Мы общались, и я все больше чувствовала сожаление, что не встретился он мне раньше — не только Петера, но и совсем раньше, в юности. Хороший друг, настоящий человек, умный и добрый парень. Настолько хороший, что казалось — таких не бывает.
А еще мне все больше казалось, что рядом идет Юрка, которому шестнадцать, а не двадцать шесть — настолько он был легкий, счастливый, и немного смущенный от своей радости. Но эффекта «первого свидания» не было — приобнимал, целовал при удобном случае, не осторожничал в чувствах, понимая, что страх «спугнуть» уже неуместен. Я не дикий зверек и не шарахнусь от близости. Наоборот. Подкупала его искренность, и бесстрашие — так проявлять эмоции и не стесняться «мальчишества». Он не строил из себя кого-то, кем не являлся.

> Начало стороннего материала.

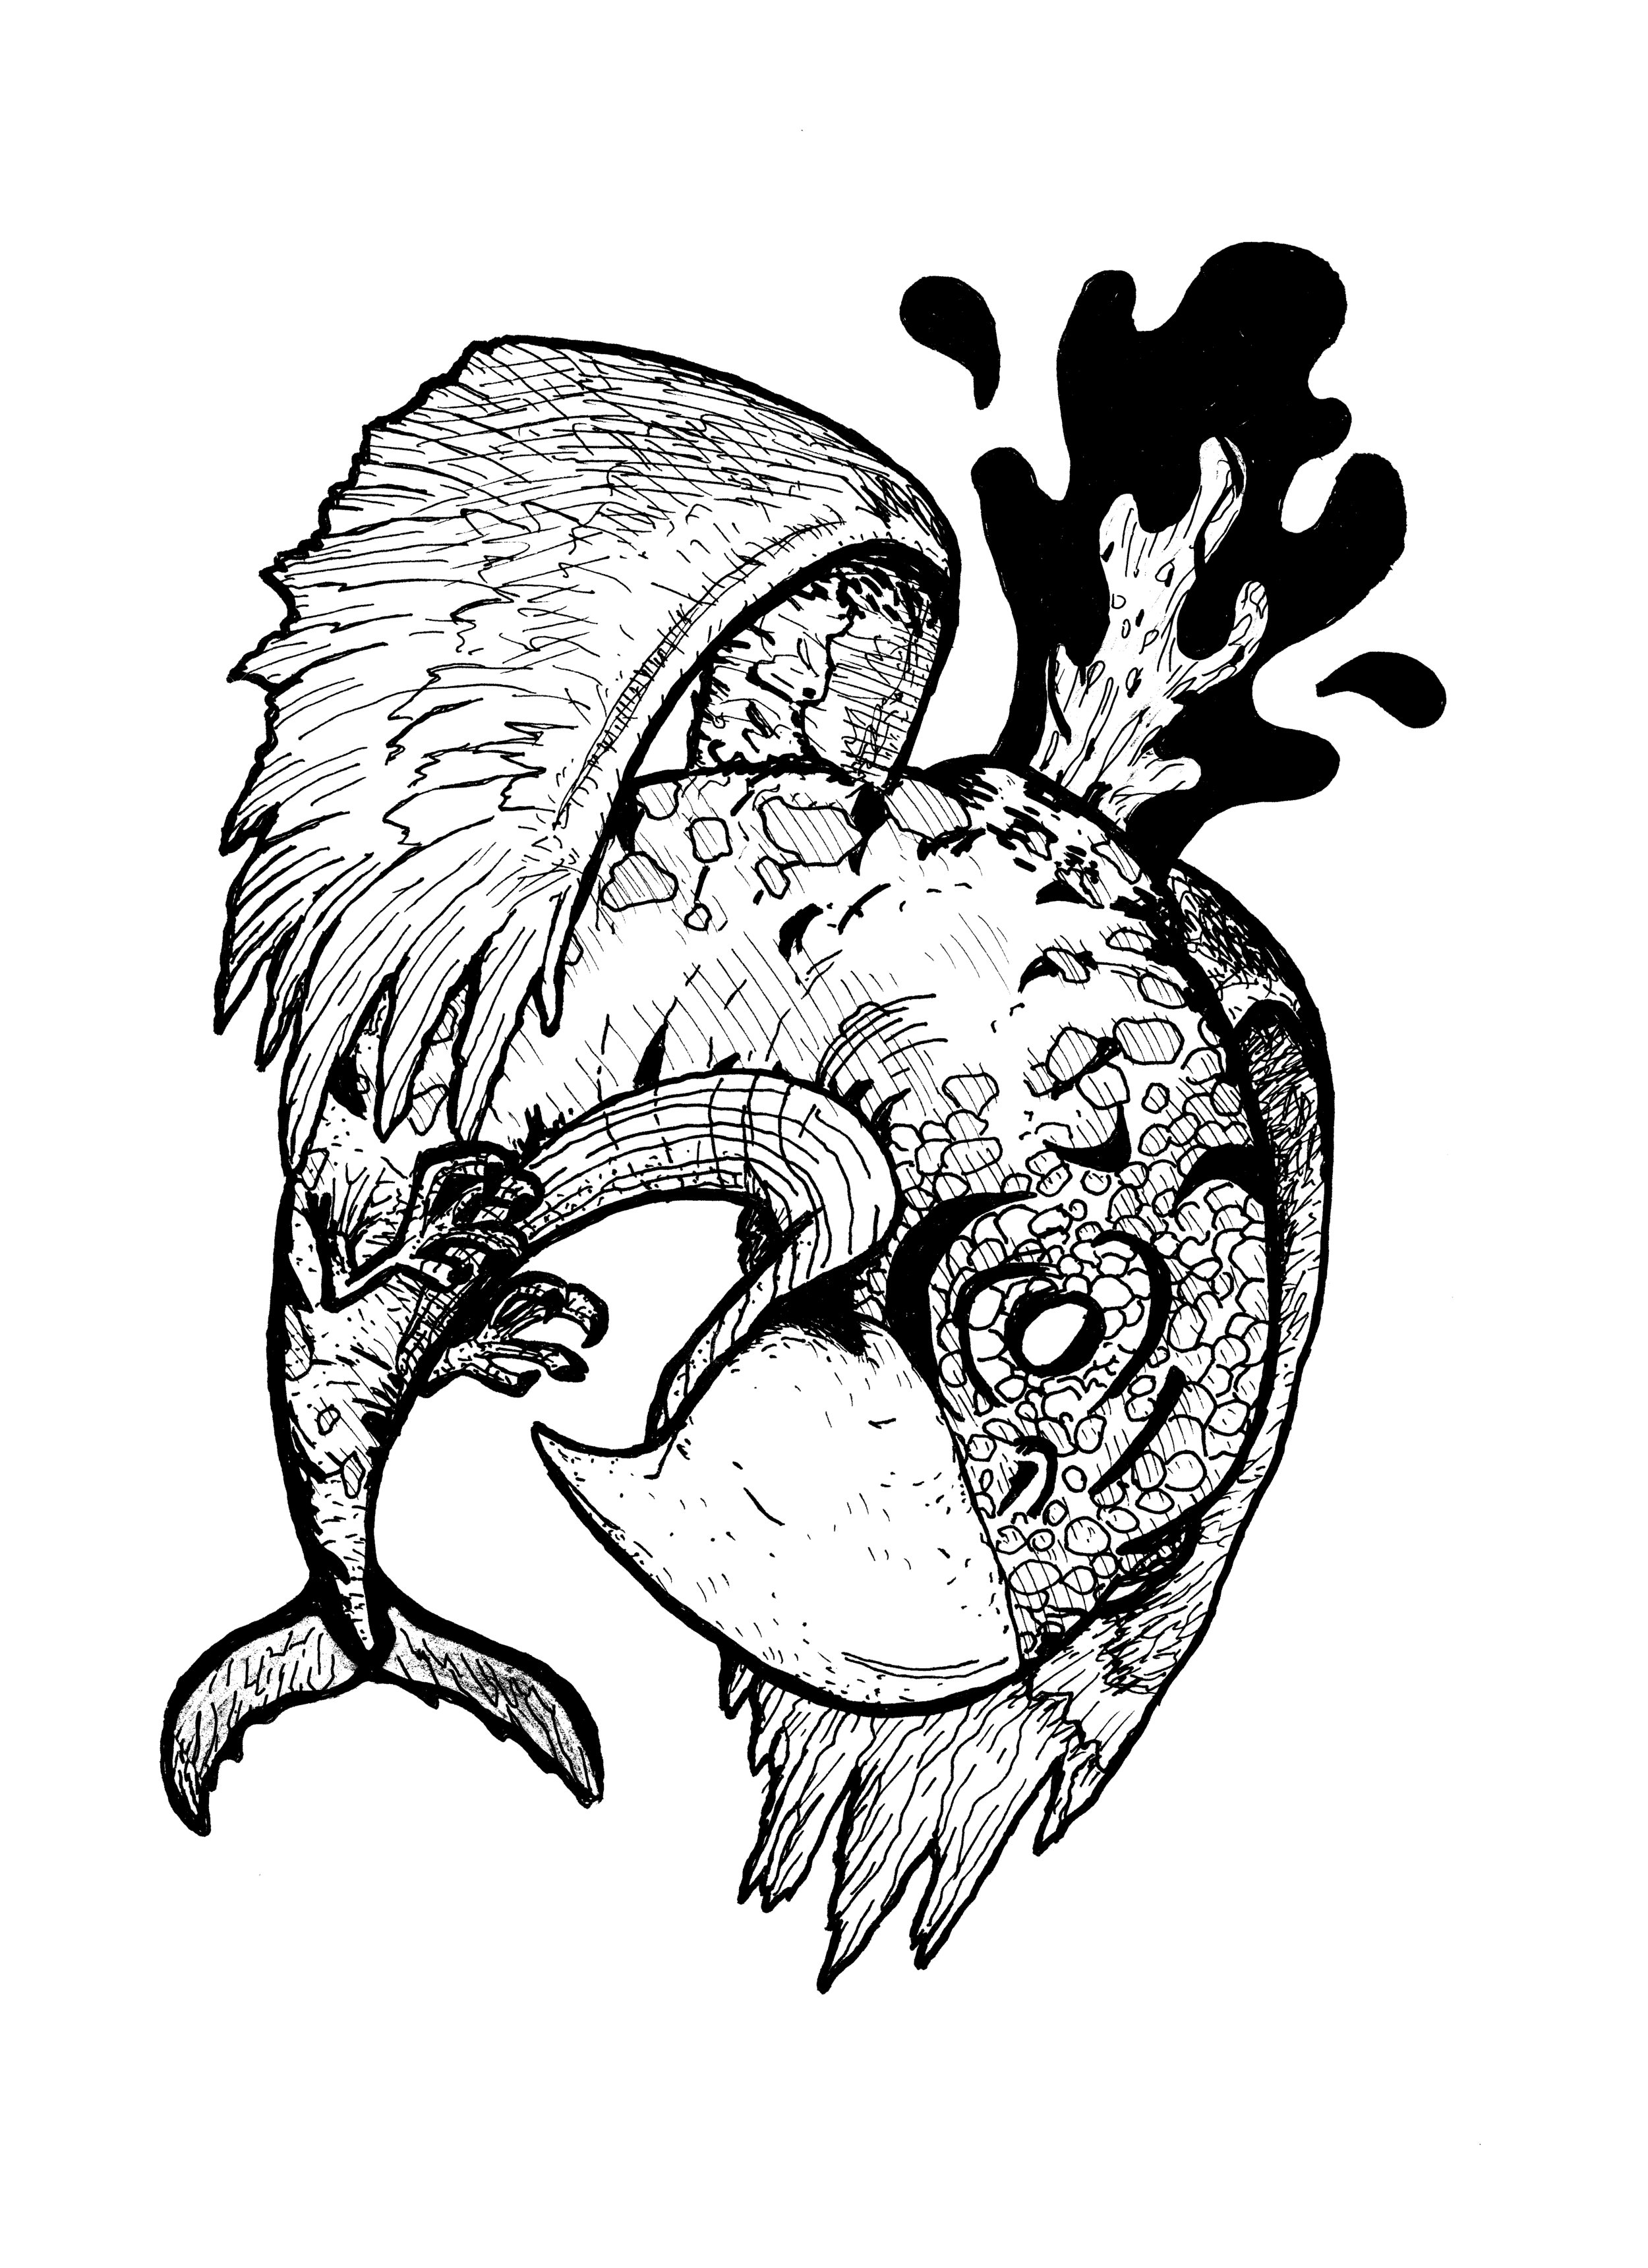 vulturewhaleALUMINIUMdrawingBYjoeyOriginal.png

Мы застряли на остановке у набережной. Почти конечная — людей совсем нет, поэтому вне свидетелей он крепко меня обнимал, прижимая к себе и целуя в волосы. Ждали нужный номер монорельса, — Юрген поедет к родителям, а я отсюда пешком собиралась догулять до старой ратуши. Не далеко, а сумею по случаю, сделать разведку хода, через который Катарина попала в пустышку.

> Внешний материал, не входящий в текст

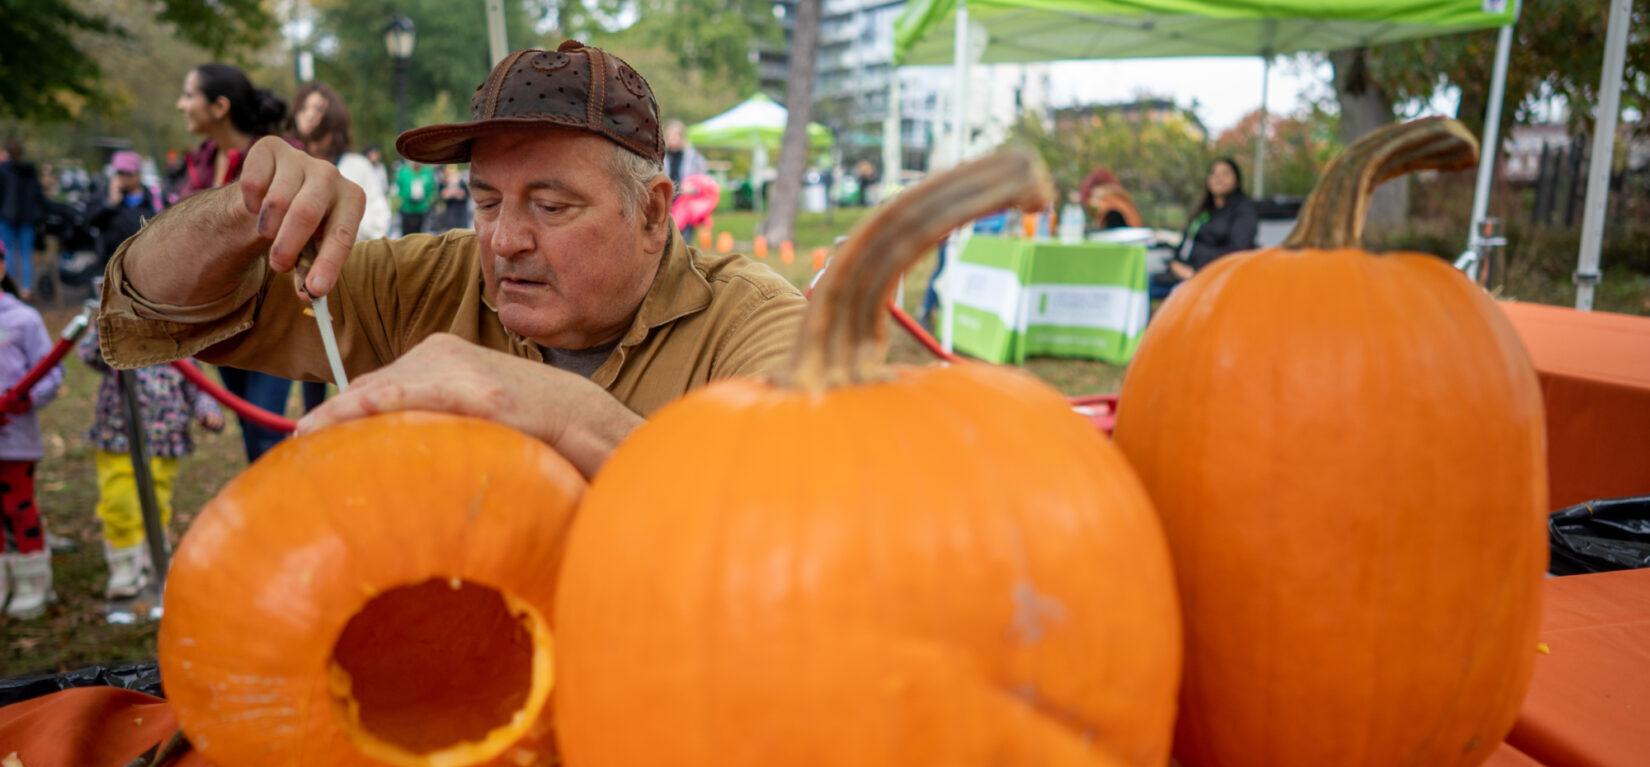 A Park staff member carving his way through a several pumpkins

— Едет, — услышала его голос и подняла с плеча голову. — Обещай, что если будешь возвращаться домой после девяти вечера, то обязательно на такси. Если что не так, хоть намек, меня вызванивай, я приеду и заберу — где бы не застряла или не занесло. Обещаешь?
Я кивнула. Пришлось расходиться, но на последних секундах я опомнилась и спросила то, что давно собиралась выяснить:
— Юрка, а ты через какой ход на сбой попал, помнишь?

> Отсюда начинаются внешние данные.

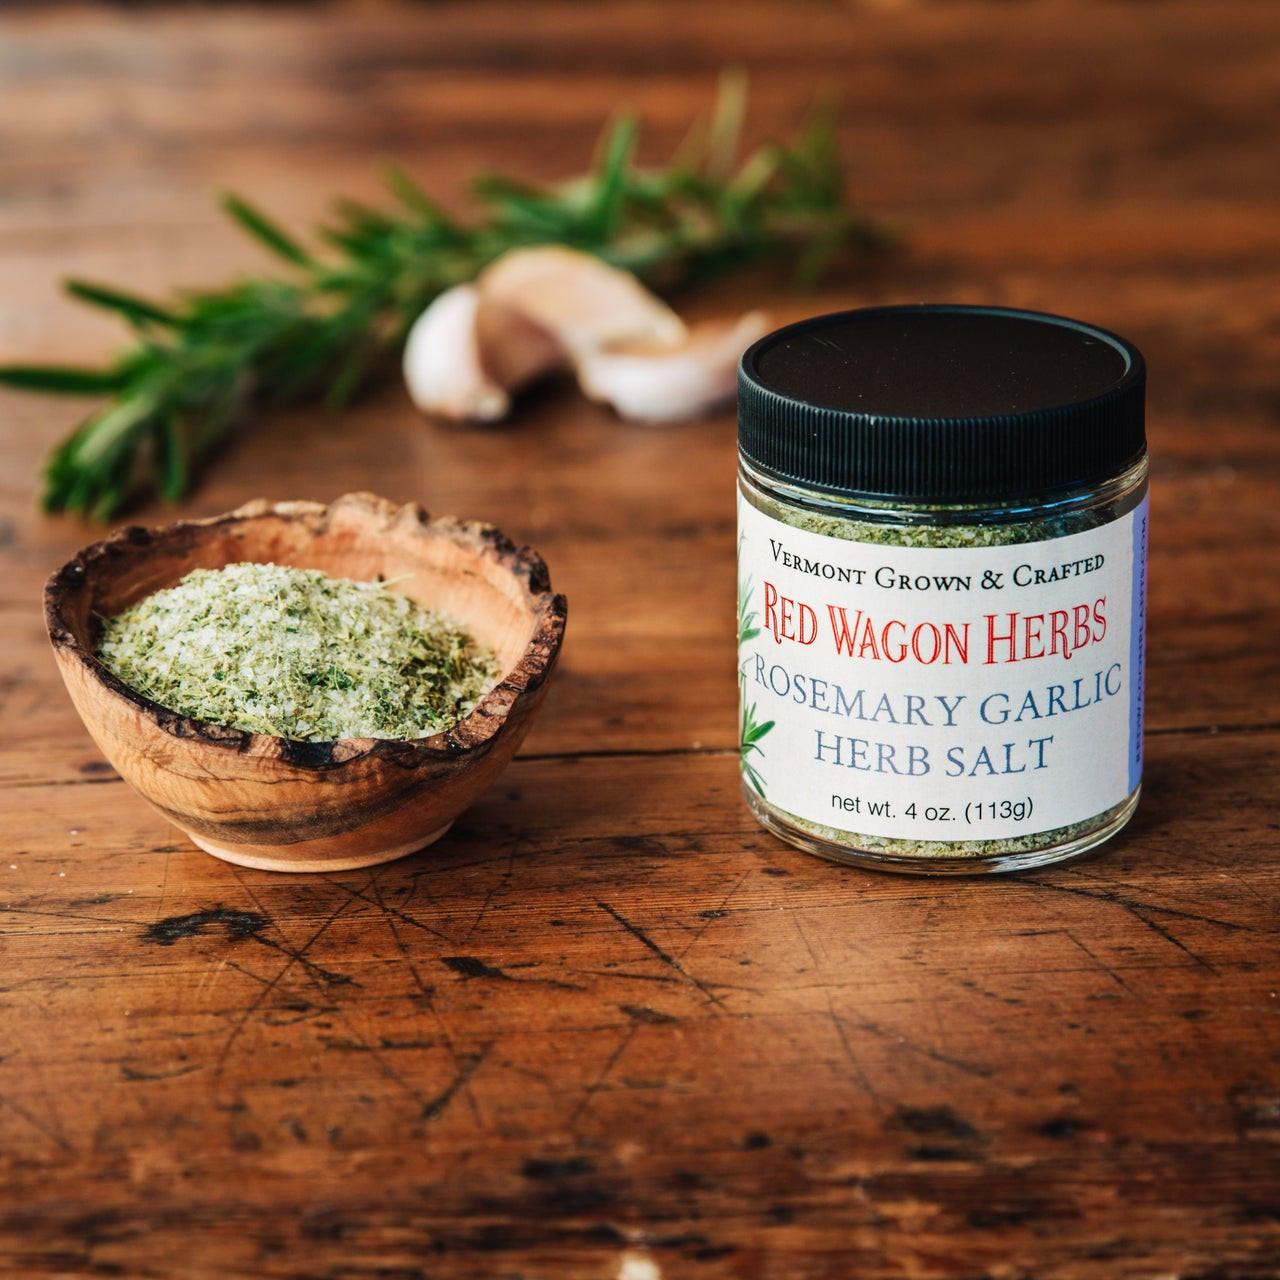 Rosemary Garlic Herb Salt - Red Wagon Herbs

Он уже чмокнул меня в щеку на прощанье, шагнул ко входу, и с подножки торопливо ответил:
— На Календарной площади, через…
«…будку смотрителя» — прочла по губам, потому что двери успели захлопнуться. Юрген ушел на заднюю площадку, и мы помахали друг другу. Я проводила монорельс взглядом, и с остановки сразу не ушла — села на лавочку и задумалась о важном, но задвинутом в самый пыльный угол памяти.
Столько событий, столько перемен и субъективное восприятие времени запутали ниточки, за которые я должна была ухватиться. Должна была, если бы была в те моменты нормальным, а не разбитым в дребезги человеком. С тех пор как Катарина сказала о ратуше, так и трепыхалось внутри беспокойство этой деталью — шепнуло о чем-то, о том, что должна вспомнить и понять.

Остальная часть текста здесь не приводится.